We broke up around the end of my spring term, and a couple of days later I set off on a sponsored hitchhike to Morocco through France and Spain. (In the intervening few days I shaved my head. You can interpret that how you want.) The hitchhike went OK, although it’s quite a long story, and I told it dozens of times over the Easter holidays after I got back.

The tale briefly is that the friend I was hitching with quit when we were in Spain, so I bought a phrasebook (she’s pretty much bilingual English-Spanish, but I hardly spoke a word) and got the train to Madrid and then the ferry to Tangiers. Stayed in Tangiers for five days, because by this stage I was feeling too lazy to continue my original plan of seeing the rest of the country. A couple of other friends flew out and stayed with me for a night, before going on to meet people we knew that had gone on to Marrakesh. I got fleeced a couple of times, including a MasterCard scam I only found out about when I got back to the UK. I bought a load of crap. I stayed in two different hotels, both tiny little cheap ones in the kasbah. Nothing like the big tourist places in the New Town, these were just two of the little dives that were all over the old bit of Tangiers. It was a good few days. Maybe sometime I’ll go back there.

Anyway, this time two years ago I was just sitting around having got back with quite a nice tan. Although I was on holiday I was staying in Oxford with a couple of mates that were there, all of us spending a bit of time each day working and the rest of it out on the lawns. Quite an idyllic holiday, as I recall.

One year ago, I

was nineteen. Again, I was on holiday in between terms, and getting on alright with my degree. At this point I was doing quite a bit of student drama, mainly technical stuff, having a good time and messing about. I wasn’t working incredibly hard.

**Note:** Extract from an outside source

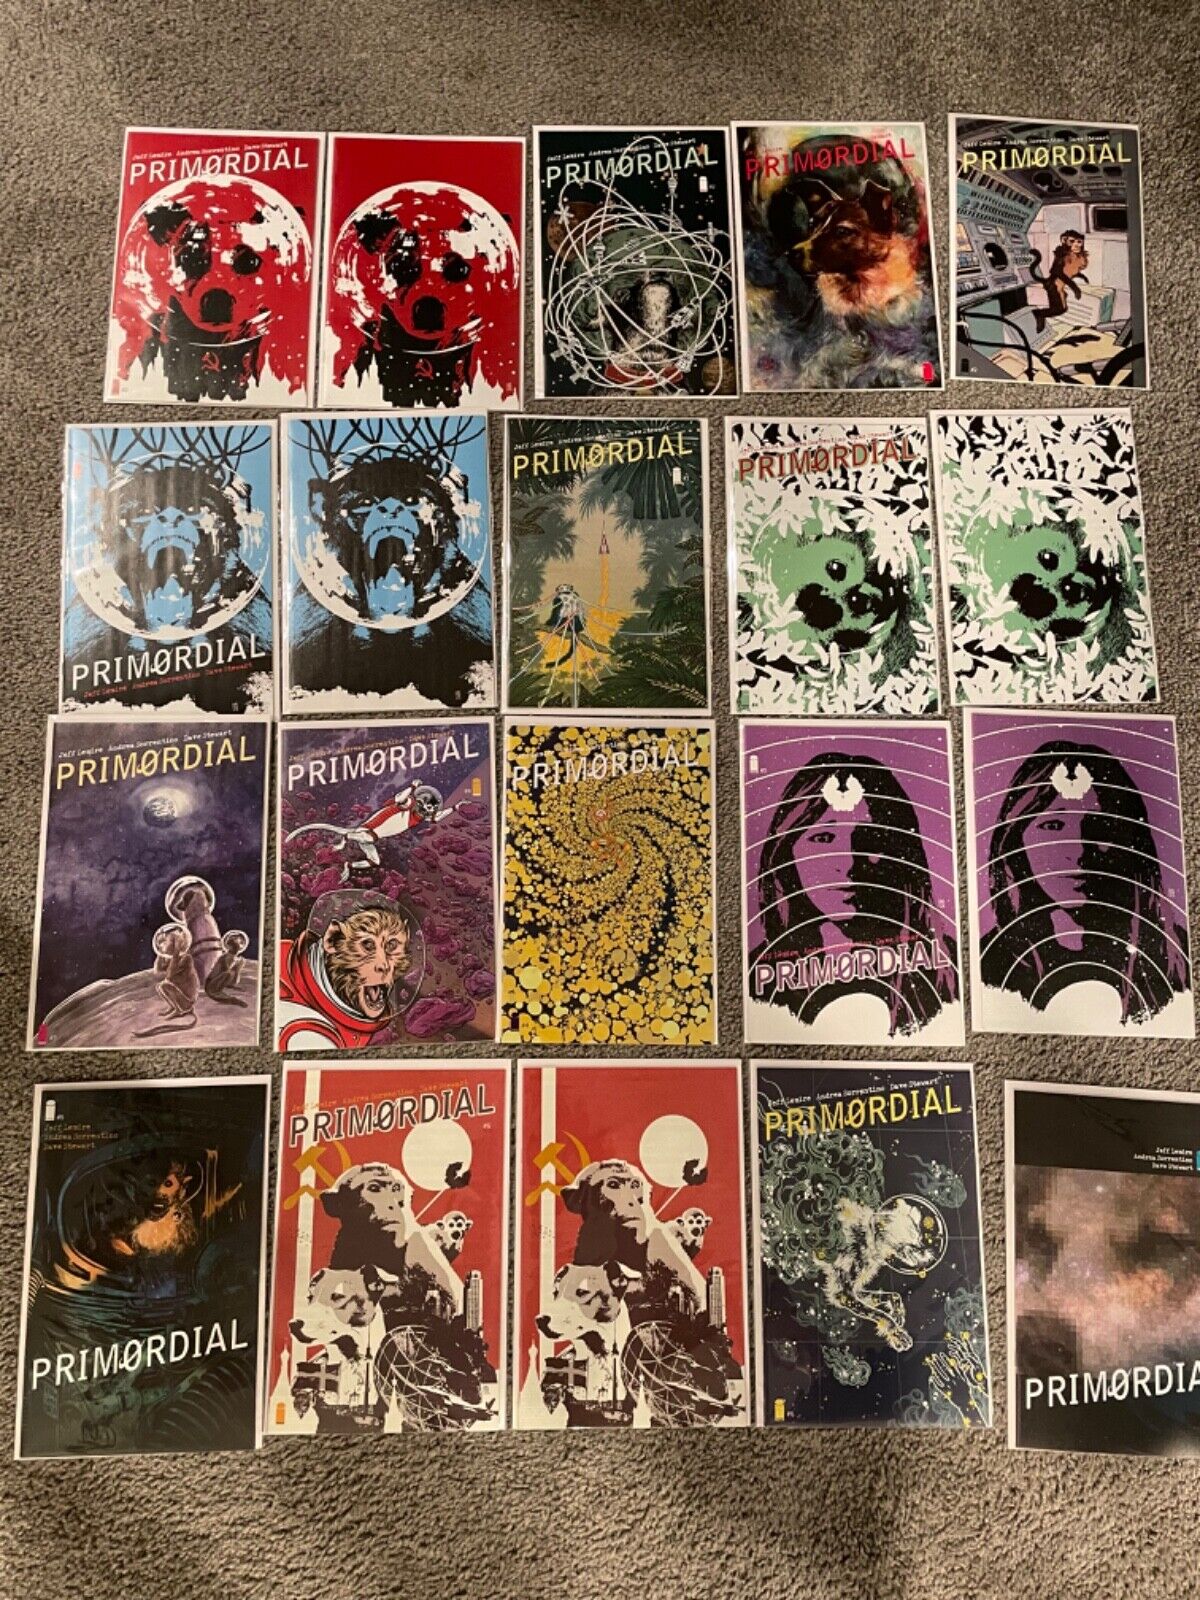 PRIMORDIAL - Collection of #2-6 with VARIANTS - 20 TOTAL Comics

At this precise point a year ago, the night of the 4th of April, I was watching Tortoise on stage at Camber Sands, and they were amazing. I was there for All Tomorrow’s Parties, which Tortoise were curating, with five other people in a chalet. One of these people was a beautiful girl who I’d met about five months before and started going out with. She’d met a girl called Katie in the record shop she worked in, and Katie bought one of the other tickets. I sold another three to a bloke called Simon who I got in touch with over the internet, who stayed with us in the chalet with his mate and his girlfriend. All of them were great people, and the weekend was fantastic - brilliant music including Tortoise, Calexico, Lambchop, Boards of Canada, Atmosphere, Broadcast, Autechre and Yo La Tengo (and those are just the highlights). The really nice site and the comfort and camaraderie of having the chalet went towards making it one of the best things I’ve ever done. I can’t go this year, but there’s no way I’m missing the one this time in 2003.

Reading back over this bit, I can't help feeling I haven't done justice to just how good a weekend it was. Maybe there's no way I can. Suffice it to say that I'm still with the girl, for which I'm very thankful, and we frequently reminisce about how good the music was, and the indie-kids building sandcastles on the beach, and kissing on the swings. So many beautiful memories.